Fred Robert Archer (December 3, 1889 - April 27, 1963), was an American photographer who collaborated with Ansel Adams to create the Zone System. He was a portrait photographer, specializing early in his career in portraits of Hollywood movie stars. He was associated with the artistic trend in photography known as pictorialism. He later became a photography teacher, and ran his own photography school for many years.
Along with Edward Weston, whose portrait he took, Archer was known as one of the "two big names in art photography in those days out on the west coast".[1] He socialized with and exchanged ideas with many other artists and intellectuals in Los Angeles for decades. He was "without a doubt, the individual with the longest history of participation in the Southern California Salon movement."
He was born on December 3, 1889, in Georgia, and his family moved to Los Angeles, California. Archer was experimenting with photography as early as 1915, when he made a portrait of Edward Weston. Archer served in a military aerial photography unit in France in World War I,[2] and returned to the United States in May, 1919. He began studying commercial art, and photography was at that time a hobby of his. In less than a year, Archer gained critical attention in two east coast photography journals, American Photography[3] and Photo-era Magazine, which reported that he had exhibited five "somber" photos of the World War I battlefields of France at the Seventh Pittsburgh Salon.[4]
In the early 1920s, he was hired as assistant head of the Art Title Department for Universal Pictures and was promoted to head the department the following year. He soon moved on to motion picture photography.
He worked for Warner Brothers as a portrait photographer until 1929, and later worked for Paramount Pictures. He also became a pioneer of advertising photography on the west coast.[5]
In 1928, he wrote an influential article along with fellow photographer Elmer Fryer called "Still photography in motion picture work".[6] Fryer succeeded Archer as head of photography at Warner Brothers in 1929.[7]
Their article described the importance of still photography in advertising, marketing, production reference work and trick photography. According to Archer and Fryer, "A good 'still' will attract and hold attention where many poor ones will receive but a passing glance. Photography has striven for years to gain acceptance among the arts and the struggle has been long and hard. It is only within the last few years that photography has been raised from pure mechanics and given its well deserved place with the other arts."[8] Their slogan was "the still sells the movies" which was a Hollywood truism for many years.

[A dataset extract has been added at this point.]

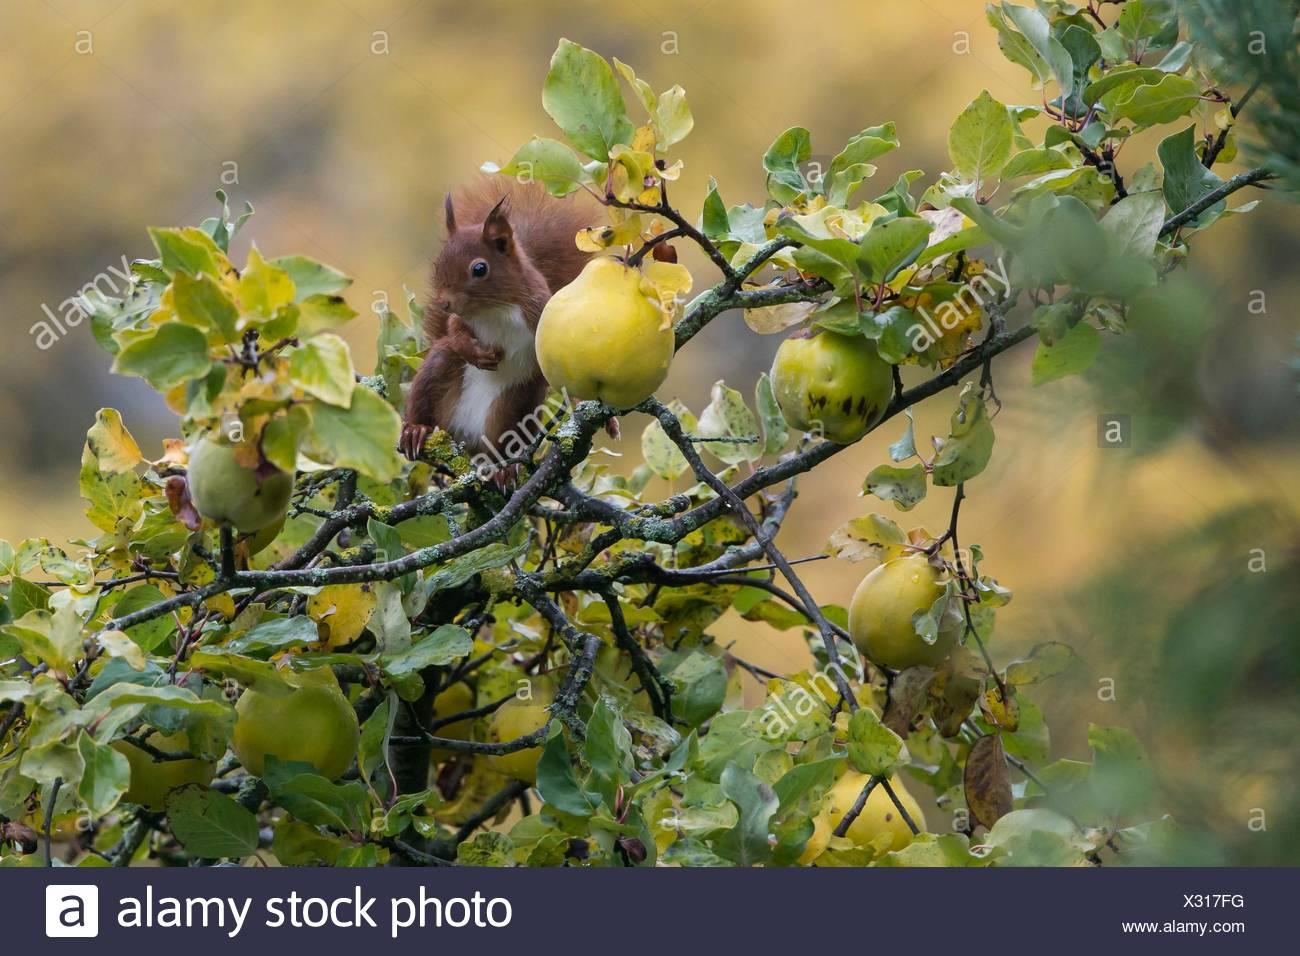 Eichhörnchen (Sciurus Vulgaris), In einem Quitte Baum (Cydonia Vulgaris) inautumn in einem Landschaftsgarten, Lothringen, Frankreich Stockbild

In 1935,[9] Archer helped found the photography department[5] and served as professor of photography at the Art Center School.[10] Archer was considered "for many years a popular teacher and lecturer" who then went on to serve as director of education at his own Fred Archer School of Photography in Los Angeles,[11] which he founded after World War II.
Archer collaborated with Ansel Adams to codify the Zone System, which is a photographic technique for determining optimal film exposure and development.[12] The technique is based on the late 19th century sensitometry studies of Hurter and Driffield, and provides photographers with a systematic method of precisely defining the relationship between the way they visualize the photographic subject and the final results. Although it originated with black-and-white sheet film, the Zone System is also applicable to roll film, both black-and-white and color, negative and reversal, and to digital photography. Archer and Adams formulated the system while teaching together at the Art Center School in Los Angeles.[13]
Ansel Adams went out of his way to give Archer equal credit for the Zone System: "I take this opportunity to restate that the Zone System is not an invention of mine; it is a codification of the principles of sensitometry, worked out by Fred Archer and myself at the Art Center School in Los Angeles, around 1939-40."[14]
Archer's only book, Fred Archer on Portraiture, was published in 1948. The book was a "popular text" that "remained in print for a number of years", and was reviewed in several national photography magazines.[15]
In 1959, Archer won the annual Stuyvesant Peabody Memorial Award, given to a member of the Photographic Society of America "who has contributed significantly to Pictorial Photography".[16]
Archer's photos were featured in a 1980-1981 show "Southern California Photography, 1900-1965: An Historical Survey" at the Los Angeles County Museum of Art, alongside the work of Edward Weston, Man Ray, Robert Frank, Diane Arbus, and Imogen Cunningham. The show was part of the bicentennial celebration of Los Angeles.[17]
The Los Angeles County Museum of Art has seven photos by Archer in its permanent collection, including a self-portrait,[18] described as a "surrealistic image of his face merging with the front of a large format camera and an obedient fly resting on his trigger finger".[19]